Downtown, amid the personal trainers and Ecstasy-heads, Roberto felt out of place. Not here. One part Carnival, two parts Bloomingdales: who could feel out of place in a place like this?
"You want lemon or lime in that rum and coke?" the hardpressed bartender shot out.
"Uh, uh, lemon. Thanks."
Sitting on a shelf, interspersed with the cocktail glasses, were decoy ducks, a thin blue condom package stuck in each bill.

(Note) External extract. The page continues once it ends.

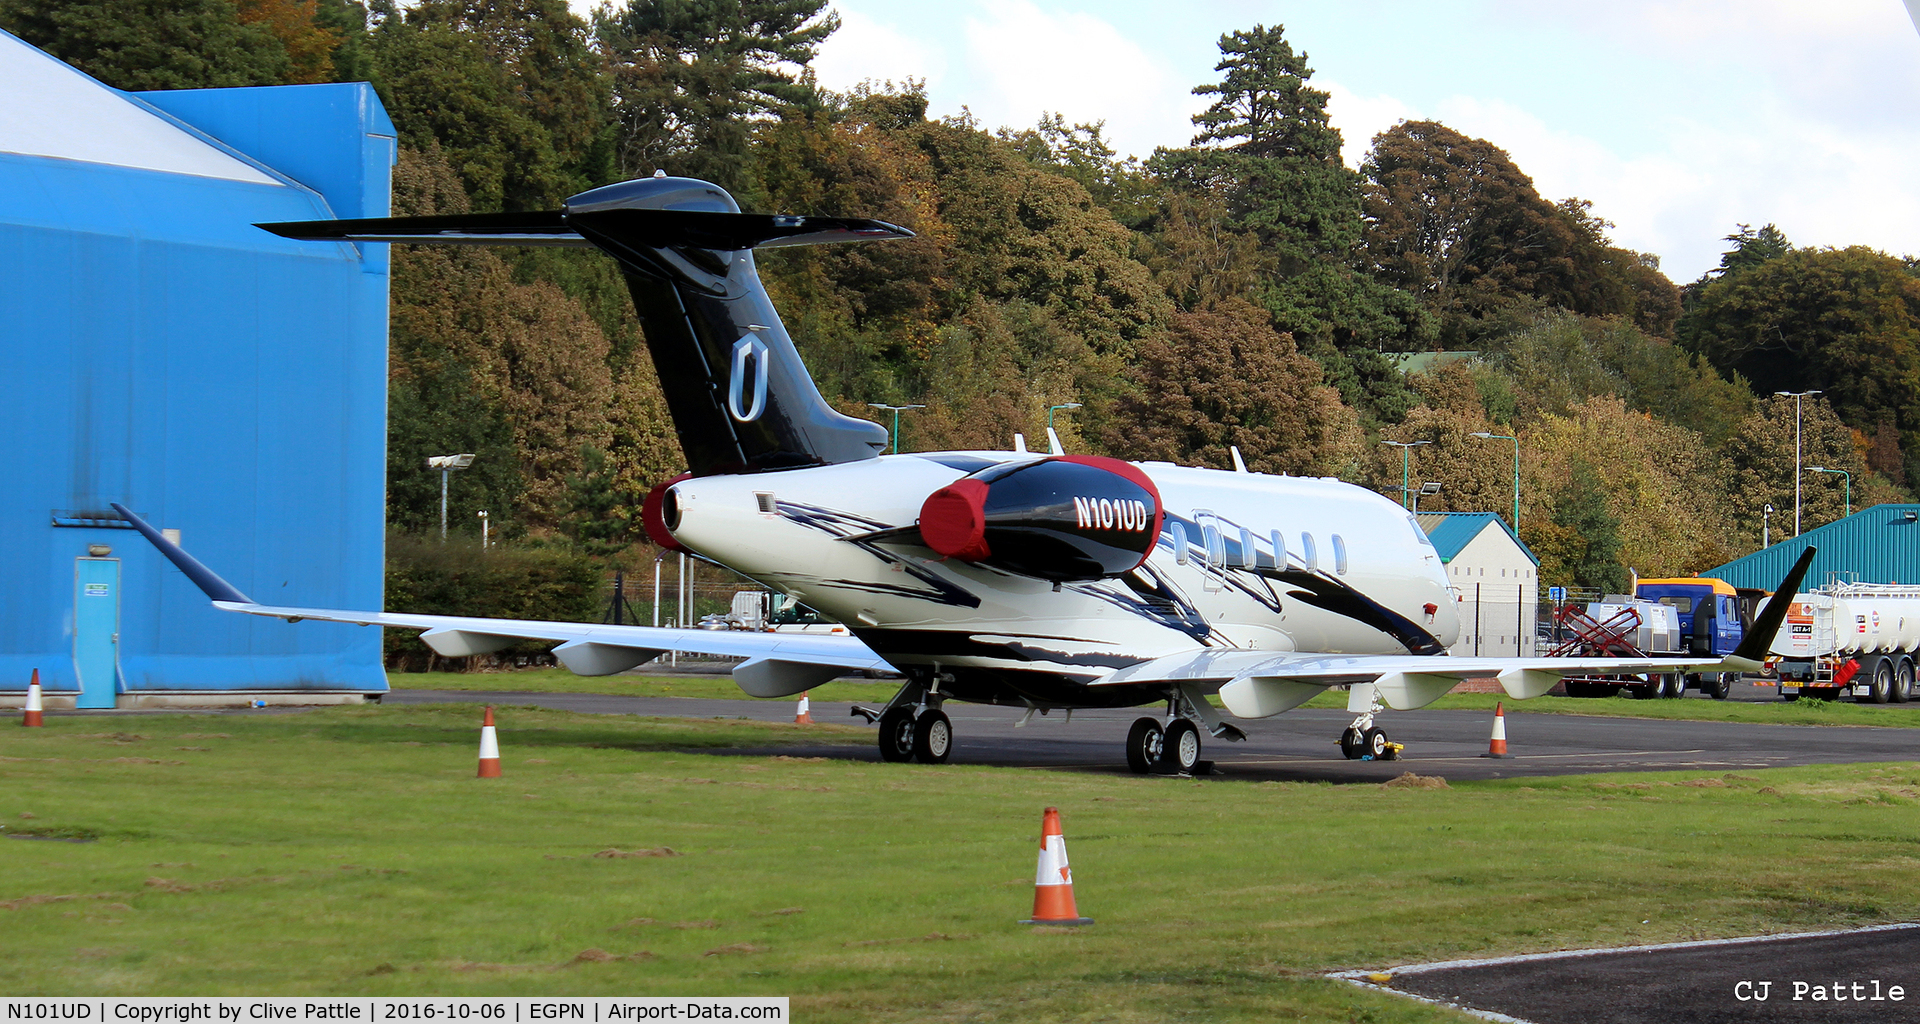 N101UD, 2008 Bombardier Challenger 300 (BD-100-1A10) C/N 20220, At Dundee Riverside Airport EGPN for the Annual Golf Dunhill Links Championships, held at nearby St Andrews.

Hey, there, you with the stars in your eyes

Roberto drifted awhile, dreamy as a schoolboy taking in the Christmas lights on neighbors' houses. There was no reason to hurry home. Olga would not be waiting up to weigh his story with anxious eyes. He could take his time, canvassing the crowd for the physiognomy of his dreams. A Thai here, a teddy-bear there, guys returned his gaze occasionally, casually, in passing, but only one showed serious interest, a kind-of Protestant Social Worker type -- cute, blond, eager to please, a middle-aged boy with a jaw rectangular as his wire-rimmed glasses.
"You know who else went to LSE?" The Social Worker pointed to the crest on the pocket of Roberto's sports coat.
"You?"
"No. Oh, hardly."
"Mick Jagger."
"You're kidding."
"He did. You don't believe me?"

The Social Worker looked skeptical. But before Roberto could explain about Mick Jagger or find out who the other unlikely alumnus was, he was borne away on a wave of newcomers bound for the bathroom.

If I never had a cent
I’d be rich as Rockefeller

Roberto's second lap around the bar yielded one arresting sight: two black men in grey suits arguing in sign language -- and an intriguing shard of conversation -- "Incest was the least of her problems" -- but nobody who resembled the man of his dreams. Just as well, Roberto consoled himself. For some reason, every guy he met who fit the bill of his fantasy -- (short, fair-skinned, dark-haired, handsome and straight-looking) -- turned out to be a real handful. Only one, the little mechanic at Barracuda who disappeared with his wallet, had actually done him any harm. But why fuck with fate? What he needed, and in fact, almost wanted, was a guy like the Social Worker, easy to talk to, easy to look at, an instant boyfriend for a screw and a cuddle. They could kiss on the tram; they could fuck on the rug. In the morning, with Ella and Louie singing sympathetically in the background, he might even admit how many years he'd been waiting to watch the sunrise with a man in his arms without wishing he were dead.